If 3 people put their hat in a box, but the hats are mixed up. How likely is it that AT LEAST one person gets their hat back. Consider all possibilities. Then what about 4 people. Please use simplicity (I know similar questions have been posted before, but none make sense to me.)
I believe there are 24 possible outcomes, 15 being favorable that at least 1 person get their hat back, which comes out to 62.5% is this correct?
Best Answer
For three people there are six possibilities. Simply number the people 1, 2, 3. Then suppose they pick a hat out of the box in that order, then the possible hat id's are:
123 (everyone gets their own hat back)
132 (only person 1 gets their hat back)
213 (only person 3 gets their hat back)
231 (nobody gets their hat back)
312 (nobody gets their hat back)
321 (only person 2 gets their hat back)
These are the possibilities. There are 6 of them (corresponding to $3! = 6$ permutations of three distinct objects, and in 3 cases someone gets their hat back (ie, the permutation has at least one fixed point)
For four people, there are $4! = 24$ permutations. In this case you could simply list the permutations and count the number of cases where at least 1 person got their own hat back), or you could argue as follows:
How many permutations have exactly 1 fixed point? There are 4 possibilities for the 1 element fixed, and for each such choice there are 2 arrangements for the other 3 elements which do not introduce additional fixed points (using the result for 3 people), for a total of $4\cdot 2 = 8$.

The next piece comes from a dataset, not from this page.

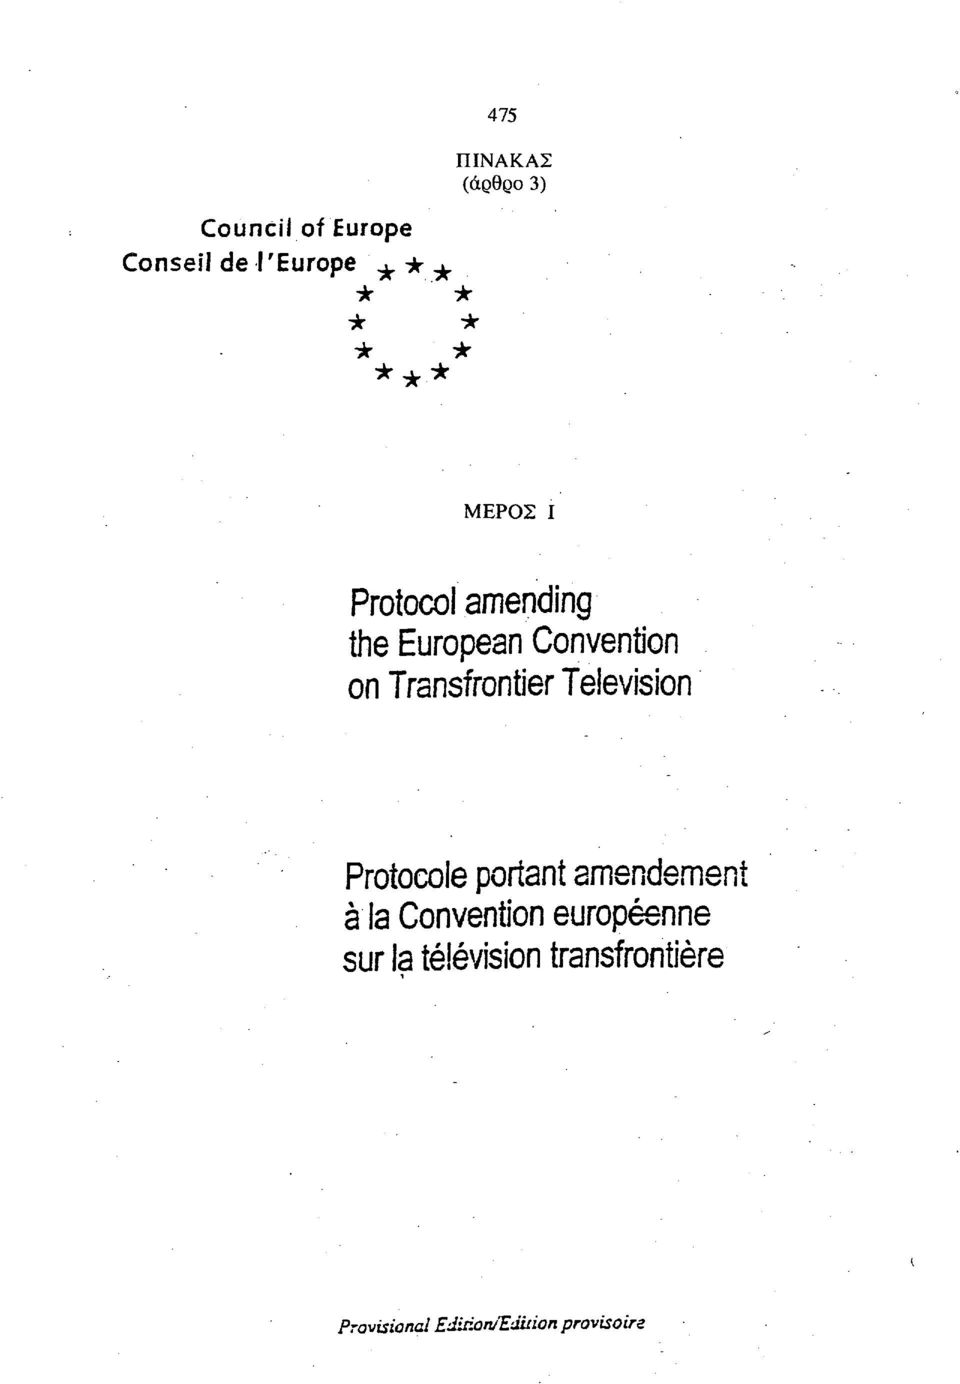 Television Protocole portant amendement a la Convention europeenne

How many permutations have exactly 2 fixed points? There are (4 choose 2) = 6 possible choices for the pair of elements fixed. The remaining elements must be fixed, so there are 6 permutations with exactly 2 fixed points.
How many permutations have exactly 3 fixed points? Note that if three elements are fixed, the fourth must also be fixed, so there are no permutations in this category.
How many permutations have exactly 4 fixed points? Of course there is just 1, namely 1234.
Thus, the total is $8 + 6 + 1 = 15$ permutations with at least one fixed point.